Fluoride and the Mohawks
Cows crawled around the pasture on their bellies, inching along like giant snails.
So crippled by bone disease they could not stand up, this was the only way they
could graze. Some died kneeling, after giving birth to stunted calves. Others kept
on crawling until, no longer able to chew because their teeth had crumbled down
to the nerves, they began to starve.
These were the cattle of the Mohawk Indians on the New York-Canadian St.
Regis Reservation during the period 1960-75, when fluoride pollution from
neighboring aluminum plants devastated the herd and the Mohawks’ way of life.
Crops and trees withered, birds and bees fled from this remnant of land the
Mohawk still call Akwesasne, “the land where the partridge drums.”

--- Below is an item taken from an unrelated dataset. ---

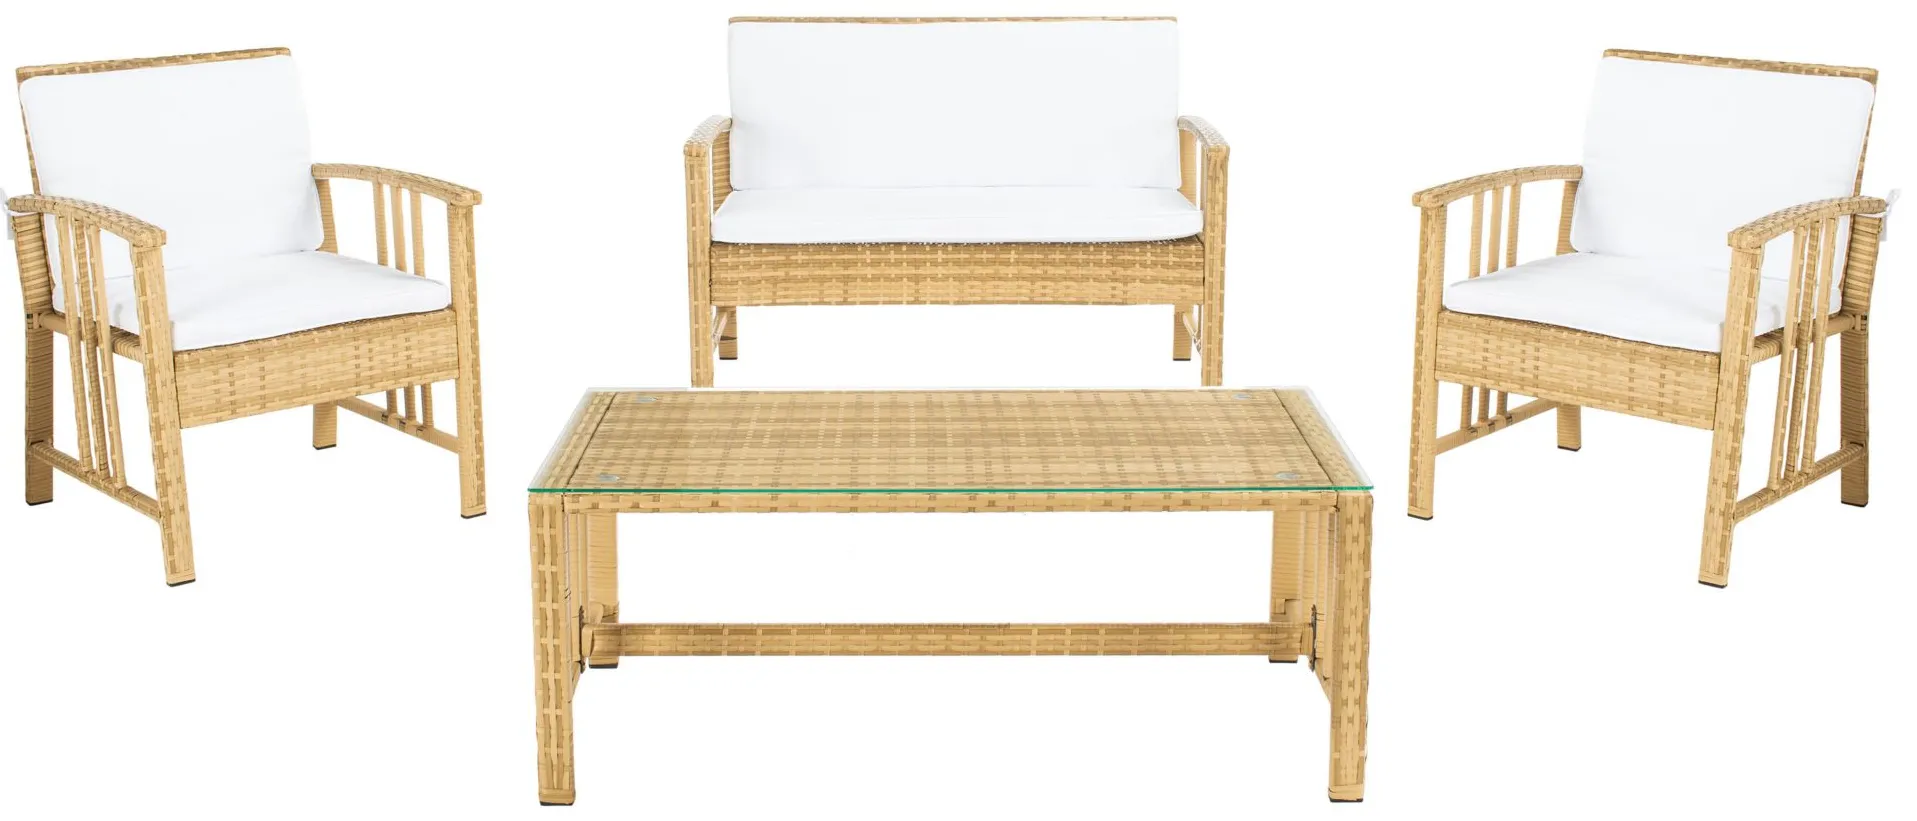 Dalit 4-pc. Patio Set in Natural / White by Safavieh

Today, nets cast into the St. Lawrence River by Mohawk fishers bring up
ulcerated fish with spinal deformities. Mohawk children, too, have shown signs of
damage to bones and teeth.
In 1980, the Mohawks filed a $150 million lawsuit for damage to themselves
and their property against the companies responsible for the pollution: the
Reynolds Metals Co. and the Aluminum Co. of America. But five years of legal
costs bankrupted the tribe and they settled for $650,000 in damages to their cows.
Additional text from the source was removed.